#### TO DO:
Transcribe all of the data exactly. Images stay out.

#### SOURCE DATA:
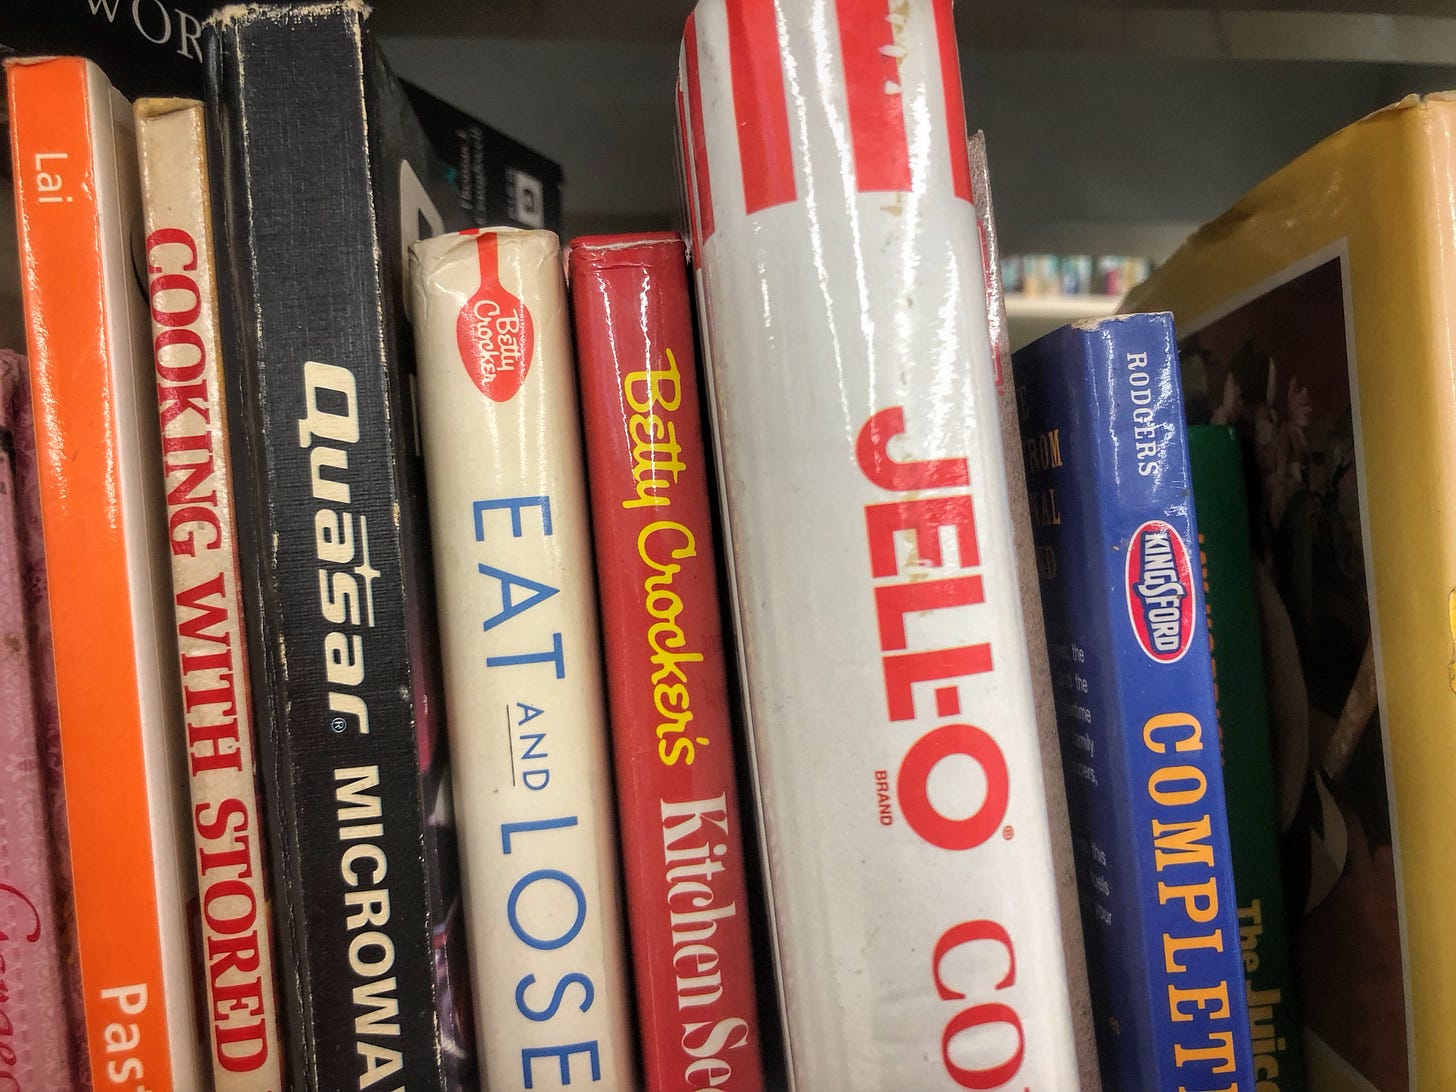 The spines of cookbooks published by Quasar Microwaves, Betty Crocker, Jell-O, and Kingsford Charcoal on the shelf in a thrift store
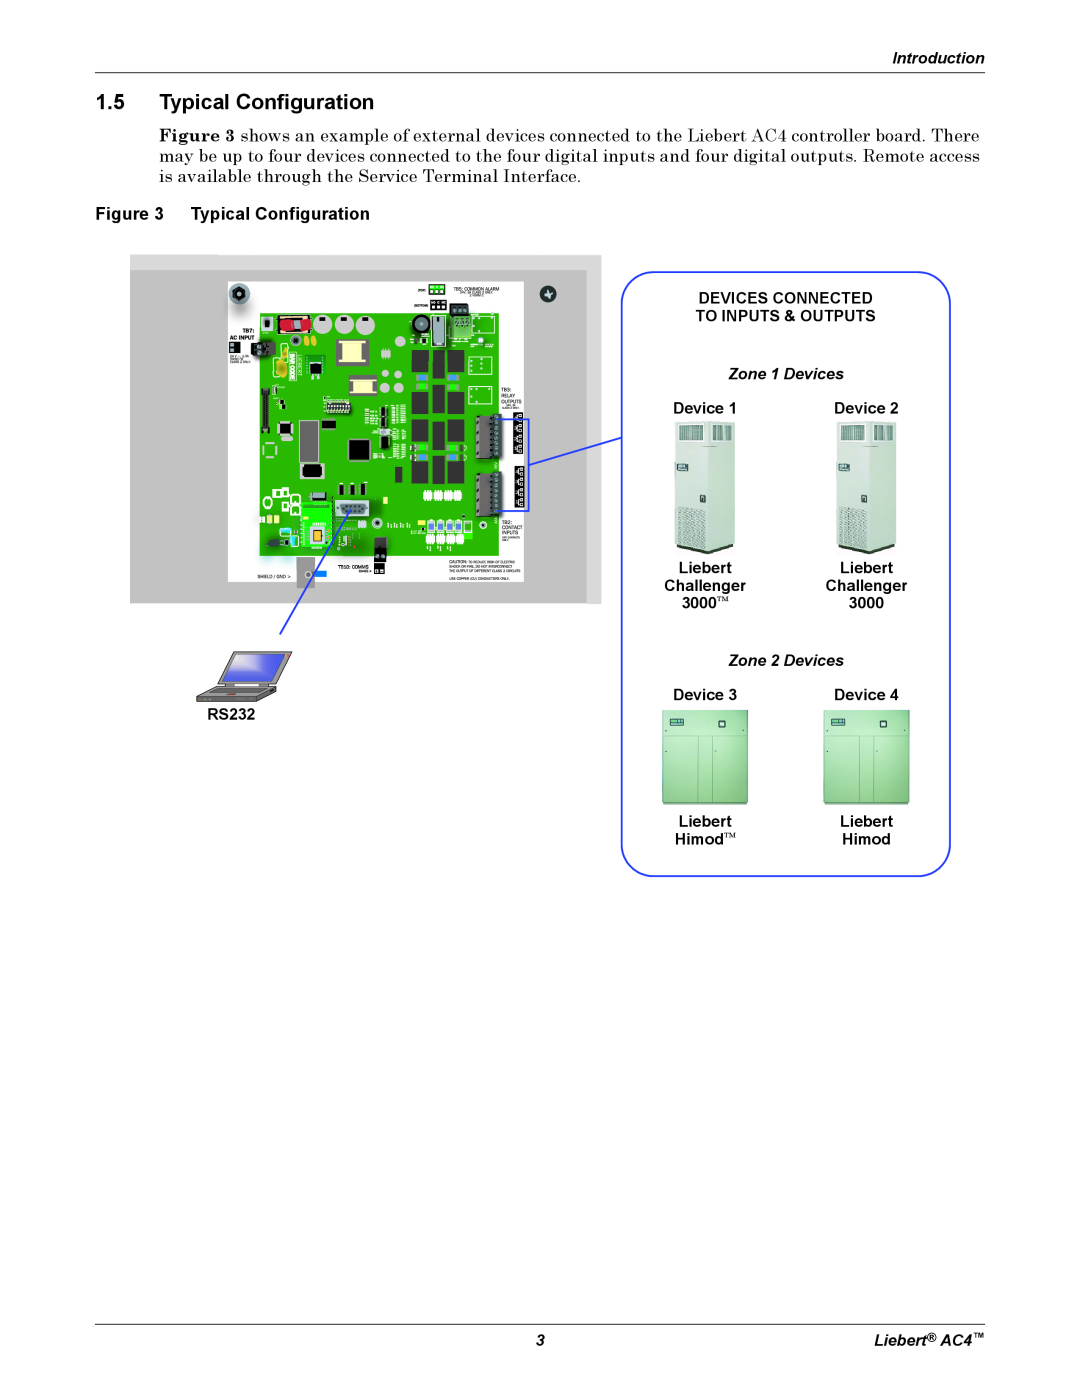 Emerson AC4 user manual 1.5Typical Configuration 
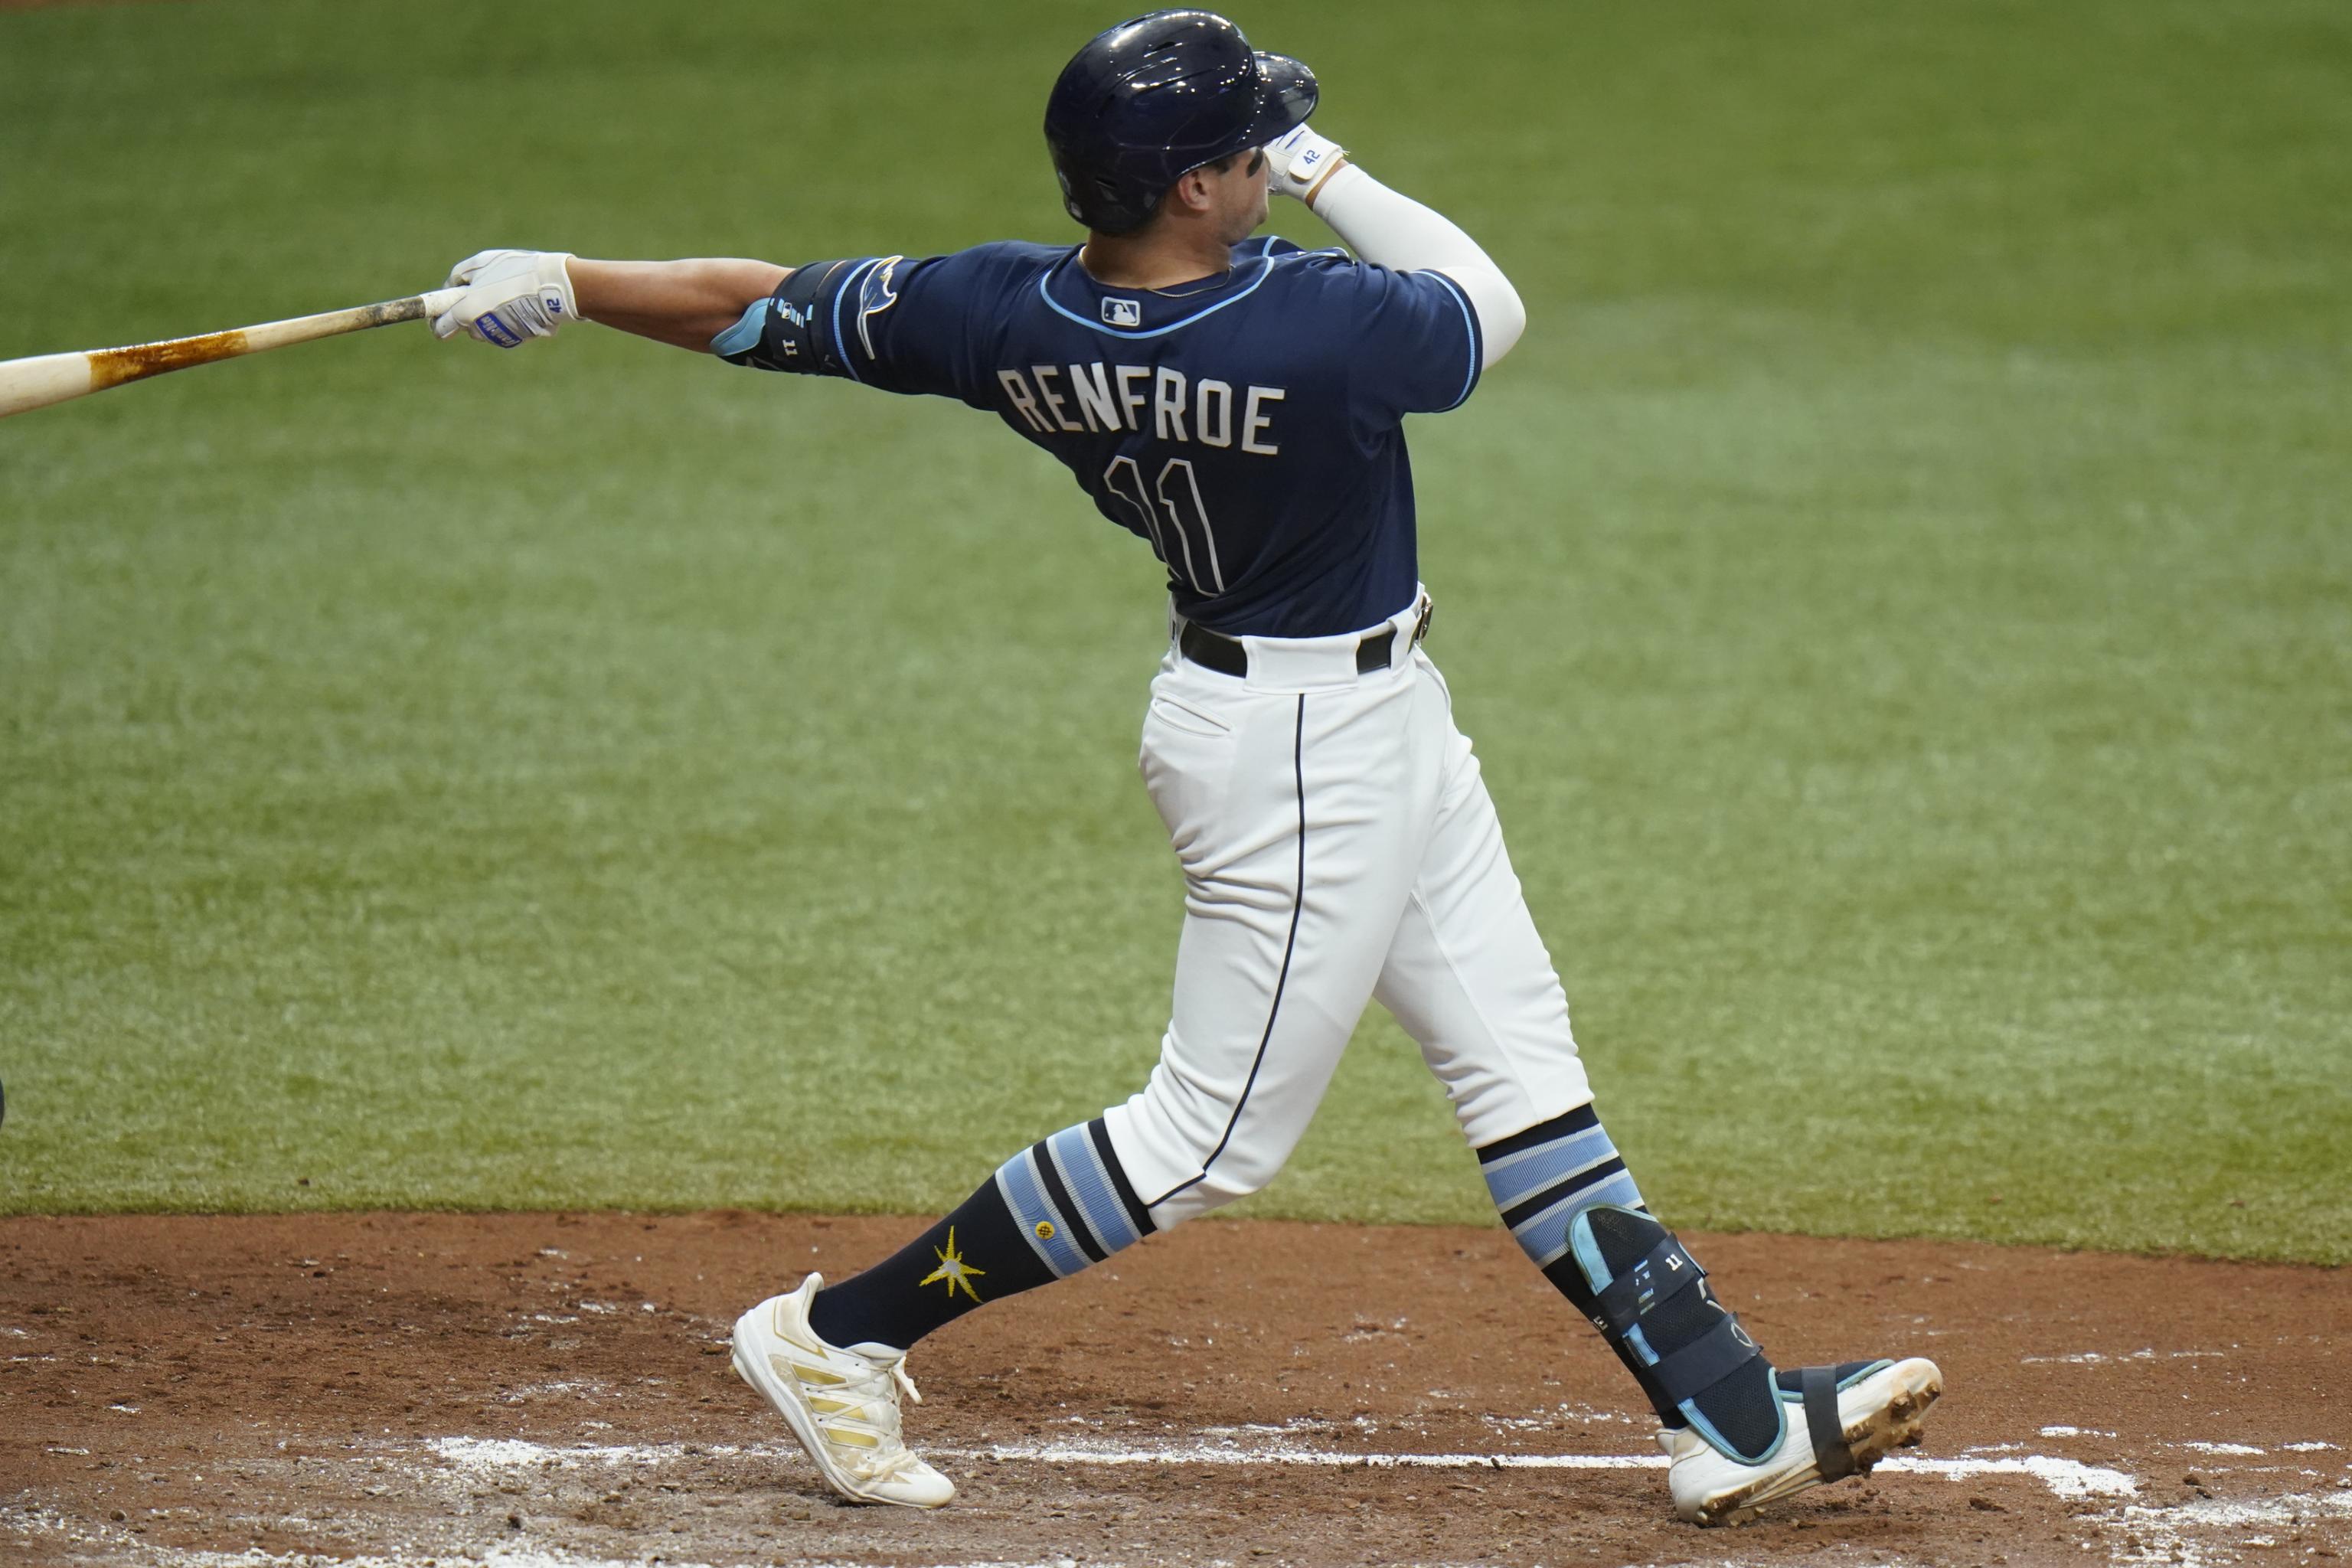 Rays expected to trade Tommy Pham, acquire Hunter Renfroe from

#### YOUR SOLUTION:
 The spines of cookbooks published by Quasar Microwaves, Betty Crocker, Jell-O, and Kingsford Charcoal on the shelf in a thrift store
 Emerson AC4 user manual 1.5Typical Configuration 
 Rays expected to trade Tommy Pham, acquire Hunter Renfroe from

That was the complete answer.